OPERATING SUCH A SEPARATING DEVICE

Technical field

[0001] The present invention relates to a device for separating solid particles from running water, removing solid particles present in running water, and a method of operating a device for removing solid particles present in running water.

Background art

[0002] The invention is in particular made for devices generally called separating grids known and widely used in incoming channels to municipal waste water treatment plants and process industries where separation of solid particles is required. The invention is called just a device as different wordings are used meaning some sort of something having the same function as a separating grid. A separating unit is arranged in a position of inclination obliquely upwards, rearwards in a direction of flow of the water to be cleaned. Fixed and movable grid bars are arranged to transport solid particles, step by step, out of the water and to carry them upward along the fixed grid bars to an outlet, from which the solid objects are removed from the separating grid.

[0003] The movable grid bars are connected to a drive unit and arranged to, when actuated by the drive unit, draw solid particles step by step out of the water and to carry them upward along the fixed grid bars. During upward movement of the movable grid bars, the solid particles are moved upward with the movable grid bars. When the movable grid bars return to their lowest position, no transportation of the solid particles takes place.

[0004] An example of a prior art device for separating solid particles is disclosed in the patent publication EP 1 062 391 B2. Summary of invention

[0005] An object of the present invention is to provide a device, a separating grid, and a method of operating such a device, separating grid, which are more efficient than prior art solutions.

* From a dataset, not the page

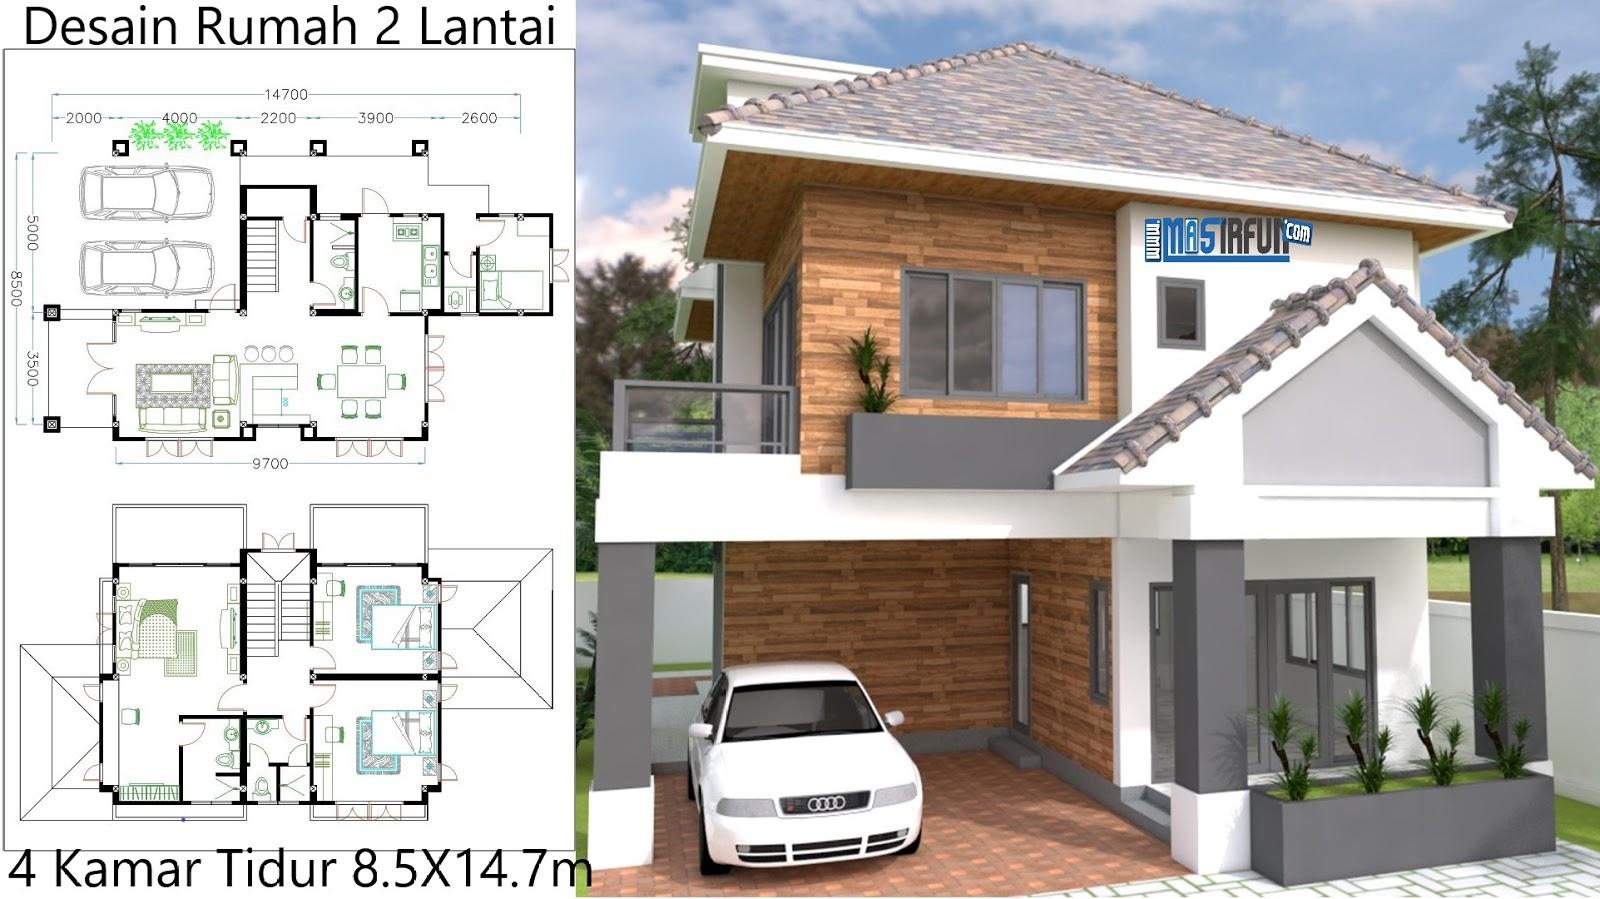 Desain Rumah Modern Minimalis 2 Lantai 4 Kamar 8x14m

[0006] The invention is based on the insight that the operating cycle of the device can be optimized by detection of an operating position, increasing performance of the device and reducing energy consumption.

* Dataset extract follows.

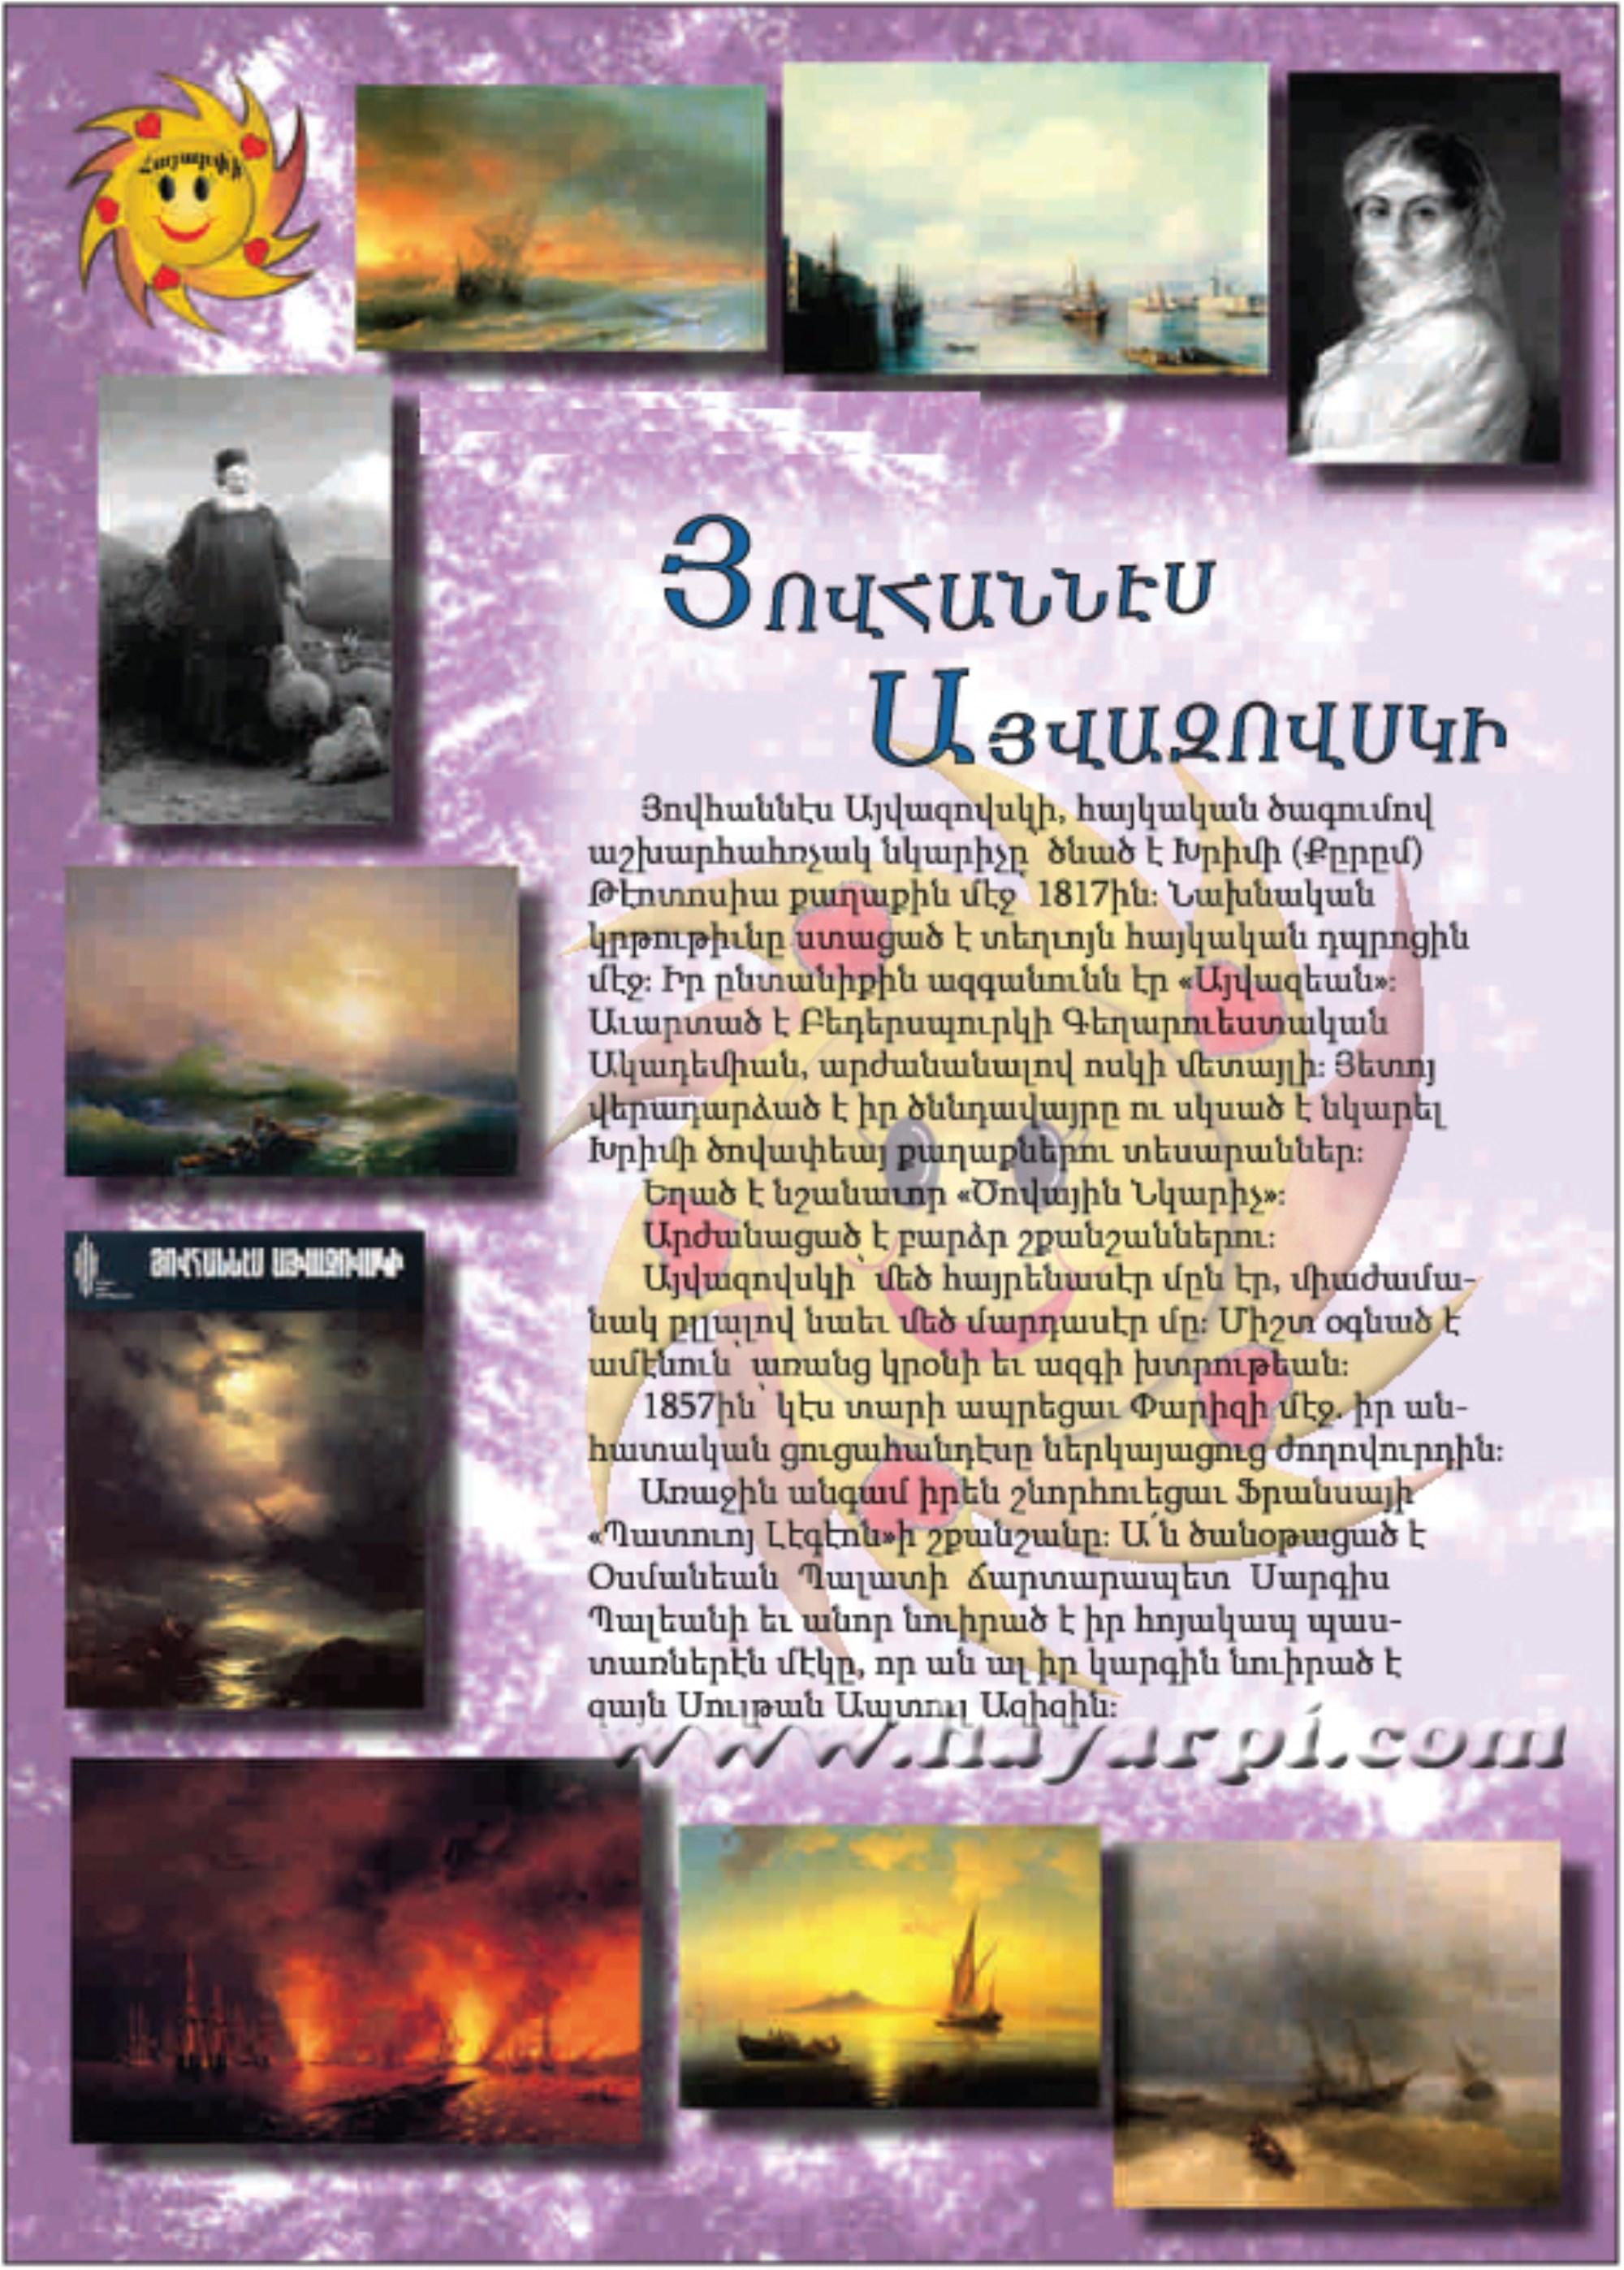 Ayvazovski 1 (ocak 2012) (2000 x 2795)

[0007] This object is achieved by a device according to claim 1 and a method of operating a device according to claim 6.

[0008] According to a first aspect of the invention, a method of operating a device for the removing solid particles present in running water is provided, the device comprising: a separating unit arranged, when in use, in a position of inclination obliquely upwards in a direction of flow of the water, the separating unit comprising fixed grind bars and movable grid bars movable between a top position and a bottom position, a drive unit connected to the movable grid bars to actuate the movable grid bars to interact with the solid particles and draw the solid particles out of the water and to carry them upwards along the fixed grid bars, the method being characterized by the following steps: a) moving the movable grid bars upward for a predetermined upward time, b) detecting the position of the movable grid bars, c) if the movable grid bars are in the top position, moving the movable grid bars downward until in the bottom position, d) detecting the water level and if the water level is above a predetermined level, return to step a), e) pausing for a predetermined pause time and then return to step d).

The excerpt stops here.